Смысл и цель жизни, утерянные «восьмидесятниками», были найдены. Социальный агностицизм сменился признанием неуклонно прогрессирующего хода исторической эволюции. Индивидуализм уступает место новым проявлениям гражданственности. Реалистическое миропонимание торжествует, но в его торжестве принимает участие далеко не вся интеллигенция. Часть ее продолжает жить отзвуками минувшего. «Одинокие души» и «аристократы духа» не смятены еще дыханием новой жизни, не объявлены диковинными типами, подлежащими поступлению в музей археологических древностей. Напротив, наряду с ростом реалистического учения, замечается также рост «идеалистических» веяний. В девяностые годы процветают и неоромантизм и декадентство, и ницшеанство, н литература «настроений», и философский метафизический идеализм, и возрожденная мистика. «Идеалисты» объединяются и в последнее время заявляли о себе как о самостоятельной, имеющей определенную программу партии.
Как возможен подобный культурный анахронизм?
Запоздалая вспышка идеалистической реакции отвечает новым моментом развития интеллигентных ячеек. Если в восьмидесятые годы главным источником пробуждения склонности к «идеализму» явилось отчаяние перед потускневшею – в глазах интеллигентов: – далью социального будущего, теперь, в девяностые годы, рост экзотических культурных «цветов» объясняется групповым эгоизмом так называемого «интеллигентного пролетариата»[32]

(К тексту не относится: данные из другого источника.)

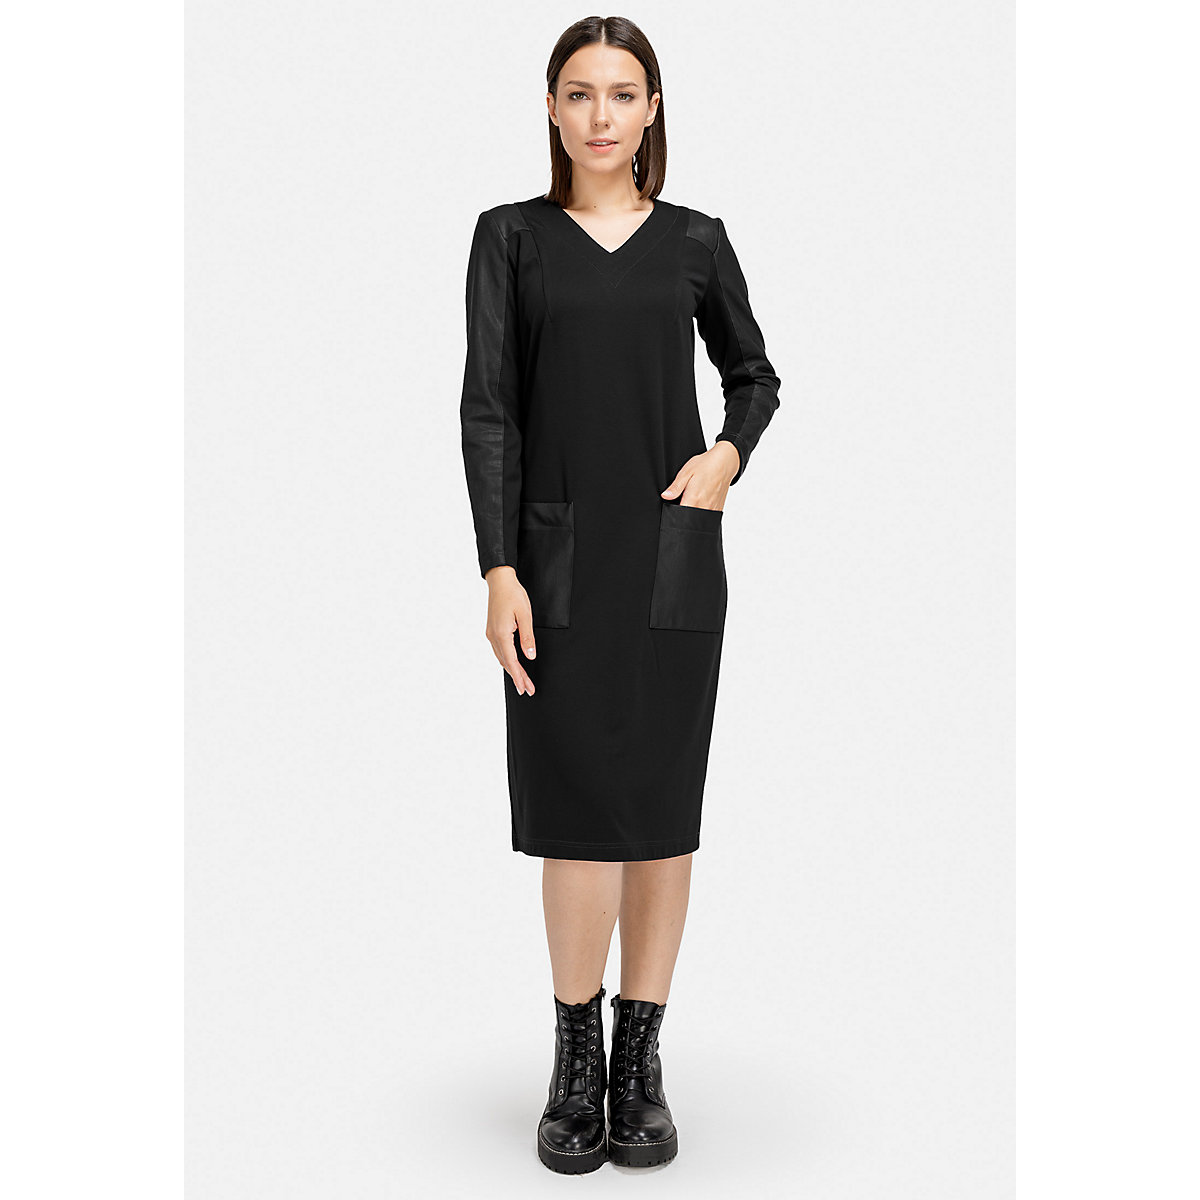 HELMIDGE A-Linien-Kleid Dress Kleider schwarz

.В девяностые годы совершается быстрое нарастание названной общественной группы, я, по мере того как ее ряды растут, она проникается классовым сознанием. В ее классовом сознании нет элементов, которые бы обеспечили за ней почетную миссию передового авангарда человечества. Она ставит на первый план интересы собственной борьбы за существование. Особенности этой борьбы определяют ее идеологию.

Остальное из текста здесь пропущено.